Prior to last week’s runoff election, we discussed several storylines we would we watching as the results came in. Here we revisit those storylines and see if we were on the mark, a bit off or nowhere near the target.
Looking for a Wave: Democratic turnout was the lowest in state history – both in terms of the number of people voting and the percent of registered voters casting ballots – for a runoff to determine its gubernatorial nominee. Former Dallas Co. Sheriff Lupe Valdez is the only gubernatorial nominee in state history, for either major party, to receive fewer votes in a runoff election than in the primary election.

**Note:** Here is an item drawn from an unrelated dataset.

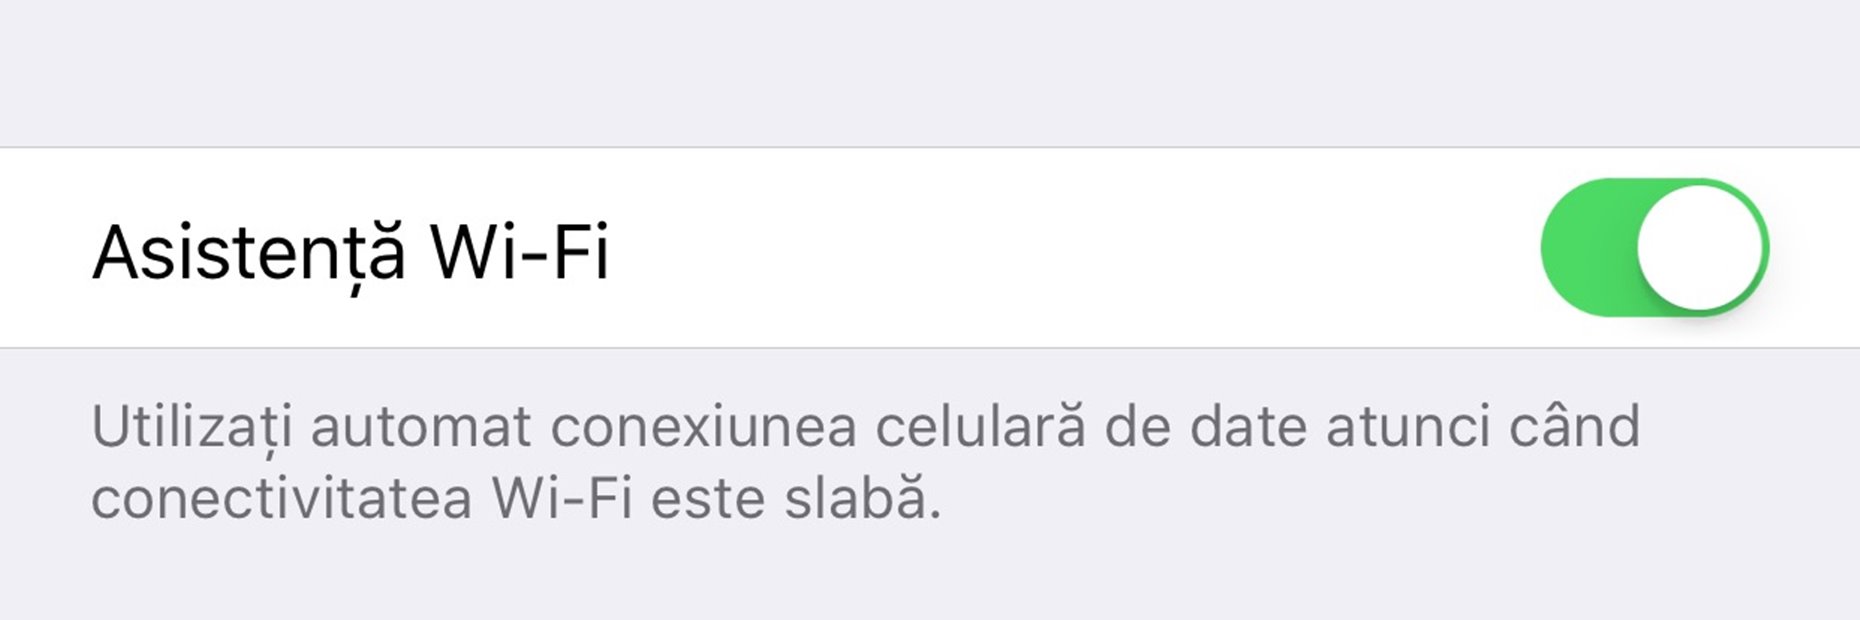 Obsługa Wi-Fi w iOS 9

Compared to recent statewide runoff elections, turnout does not look so bad. The number of people voting in the Democratic runoff was up 131% from 2016 and 35% higher than the average number of votes cast in statewide Democratic runoffs since 2000. More people voted in the 2018 runoff than in seven of the last nine runoff elections overall, including 2004 and 2010, for which no statewide office was on the ballot.
Despite not having a statewide race on the ballot, nearly as many Republicans turned out to vote in its party’s runoff elections than cast ballots for Valdez and her opponent Andrew White.
As our publisher Jeff Blaylock told the Dallas Morning News’s Jackie Wang, “If you’re looking at runoff turnout as an indicator of a Democratic wave … [or] an indicator for enthusiasm, that’s not the indicator you’re looking for.” If there is a Democratic wave in November, it will not come from those runoff results.